DATA BELOW:
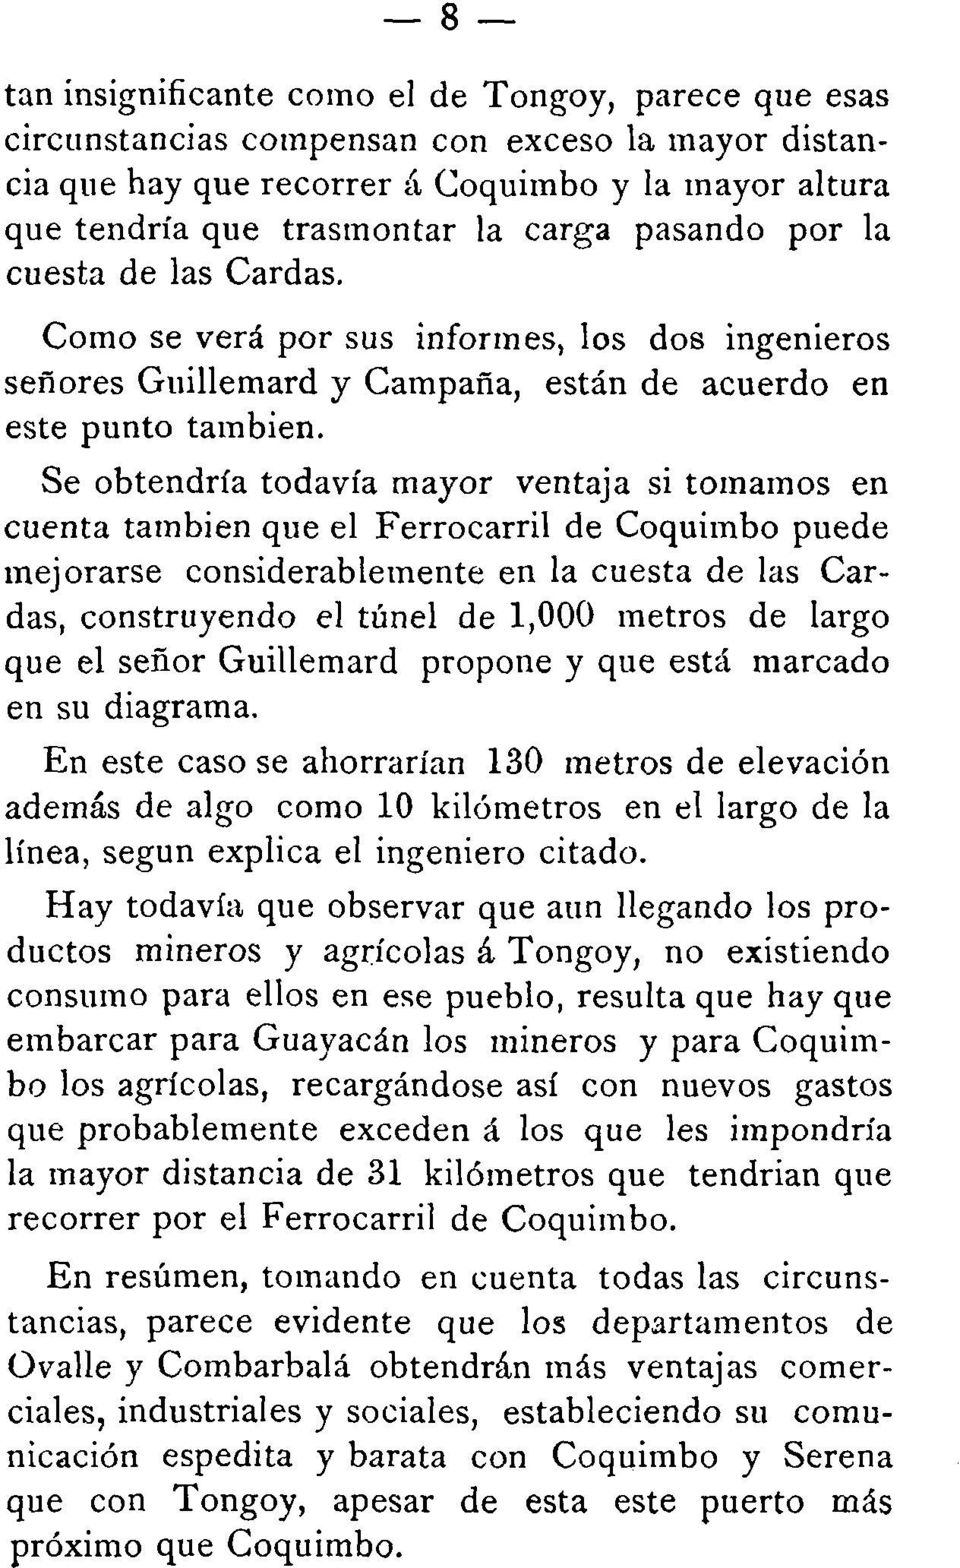 Se obtendría todavía mayor ventaja si tomamos en cuenta tambien que el Ferrocarril de Coquimbo puede mejorarse considerablemente en la cuesta de las Cardas, construyendo el túnel de 1,000 metros de
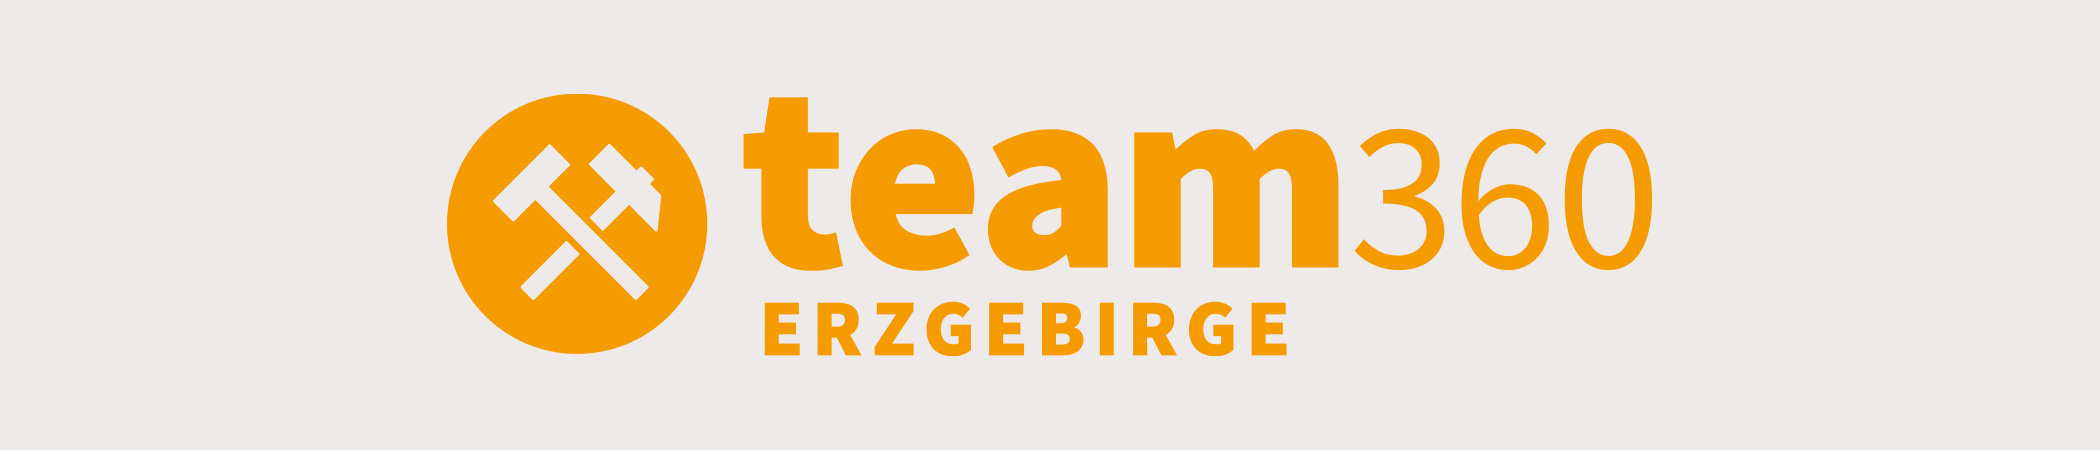 Team Erzgebirge | 360 Grad Rundgänge im Erzgebirge
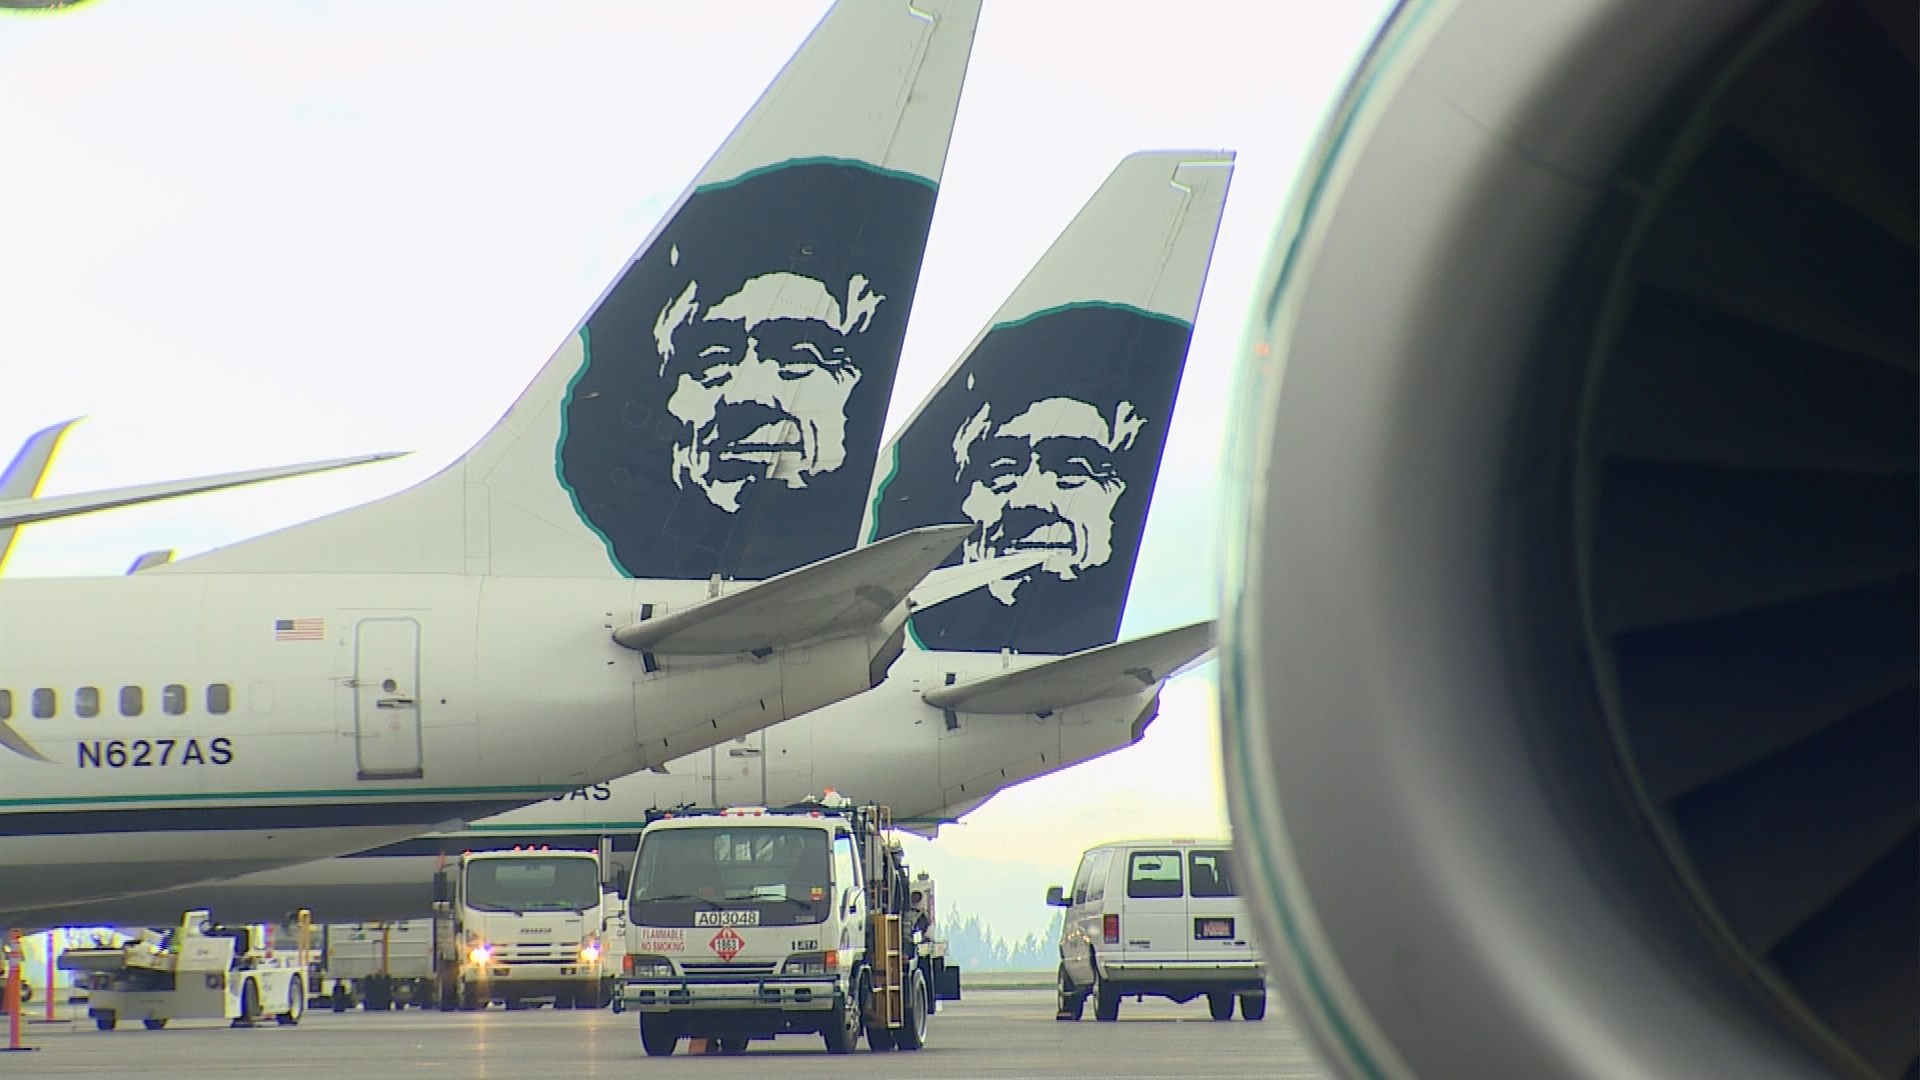 Naked passenger prompts Alaska Airlines flight return to 
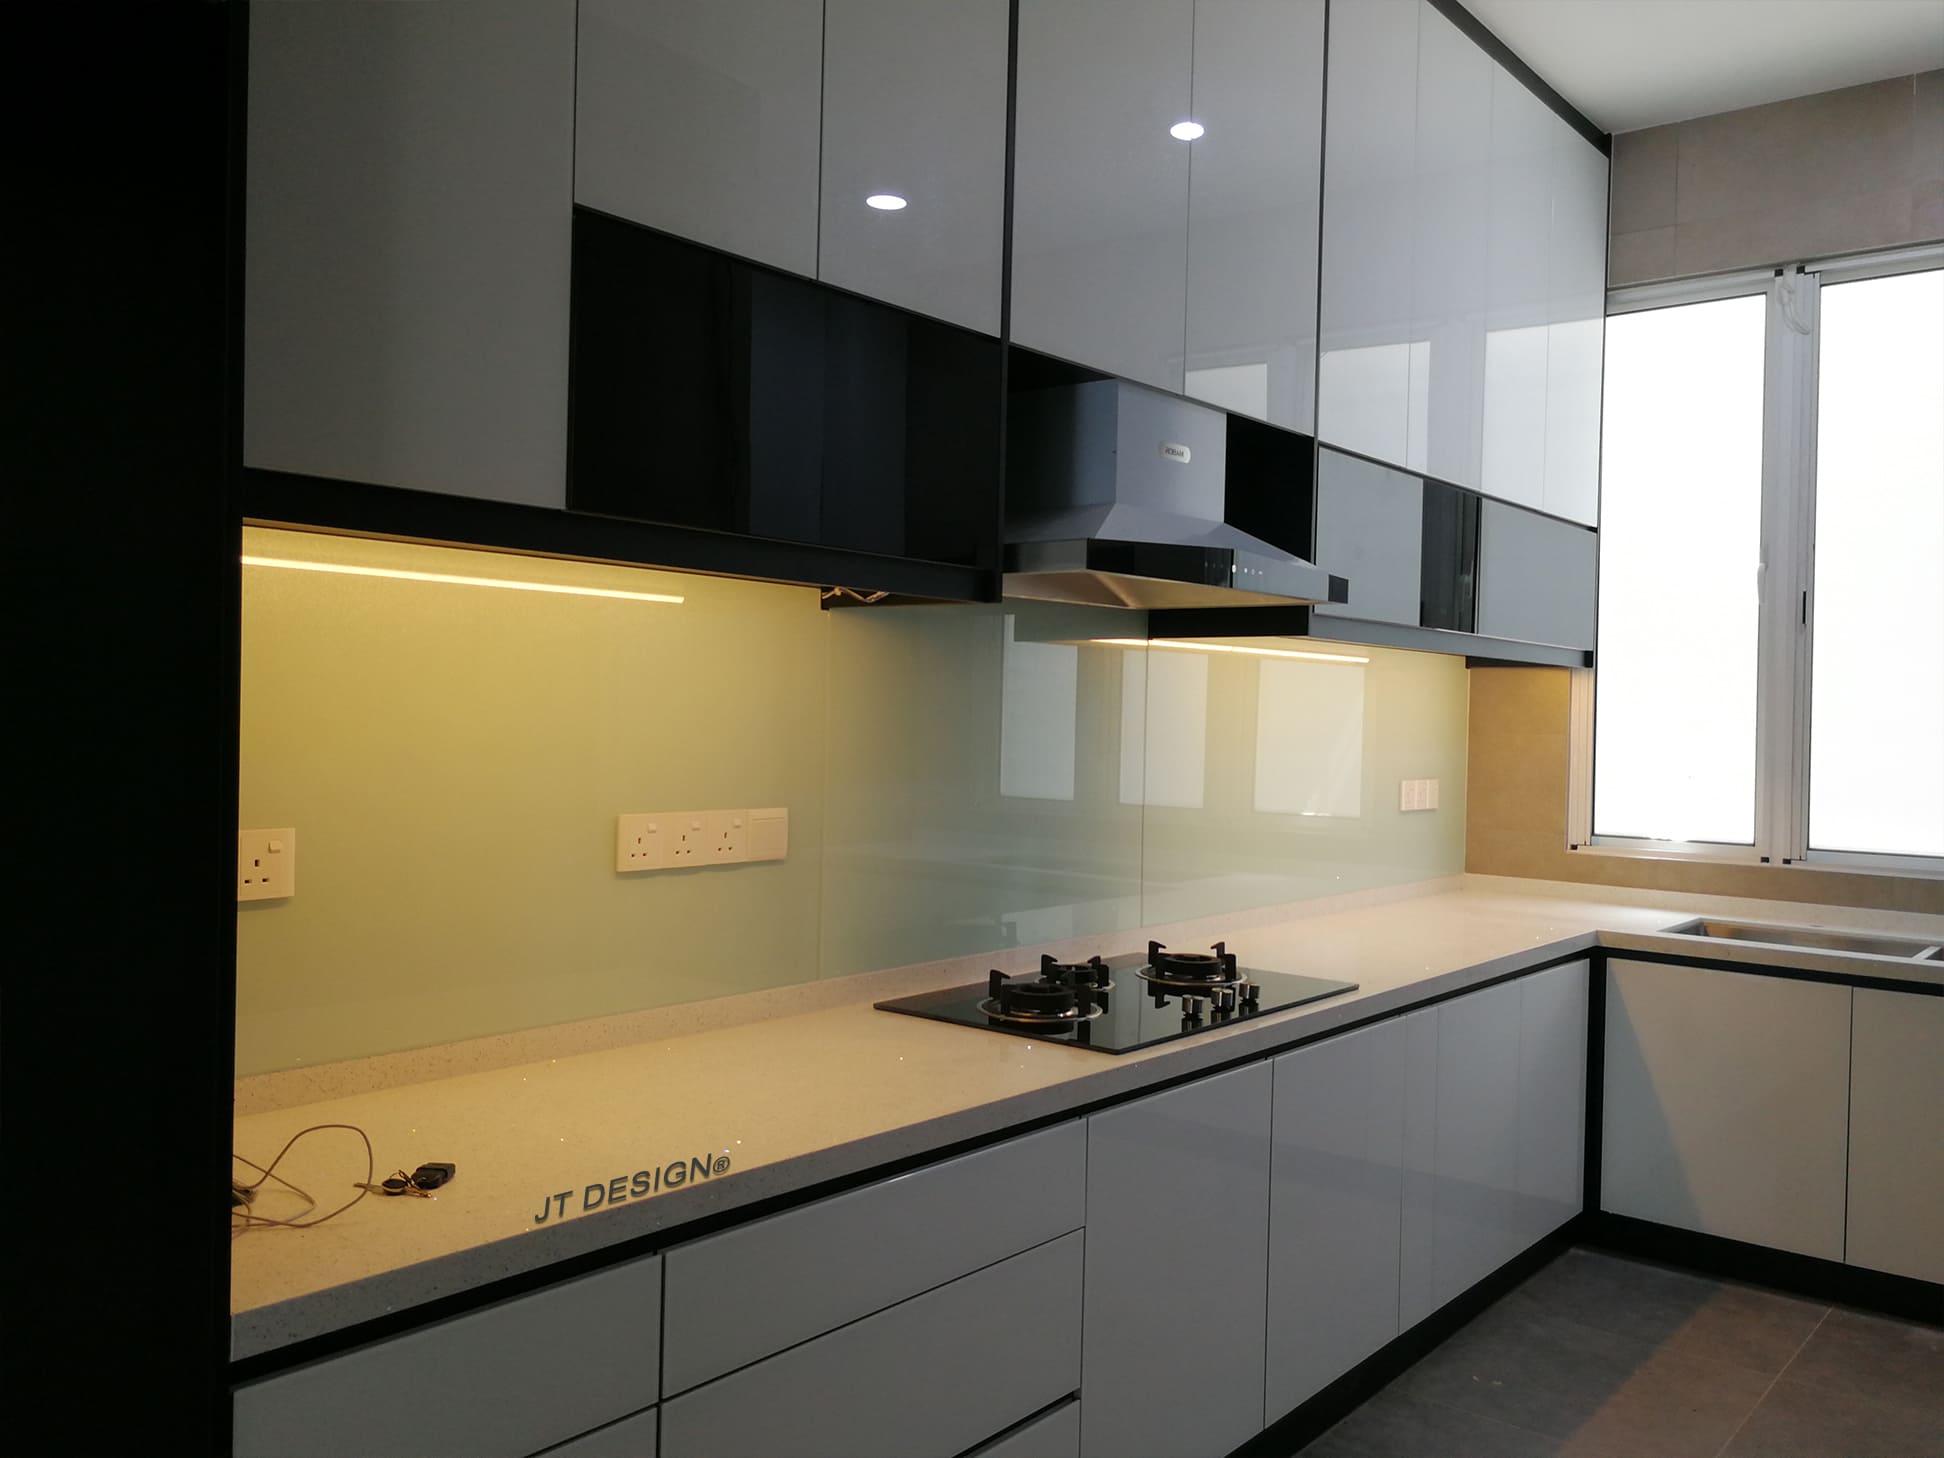 4g glass door kitchen cabinet

EXERCISE DESCRIPTION: Only one thing is required here: an exact copy of the lines from the one bearing "Naked passenger prompts" through the final line above, both included, with pictures left out.

RESPONSE:
 Naked passenger prompts Alaska Airlines flight return to 
 4g glass door kitchen cabinet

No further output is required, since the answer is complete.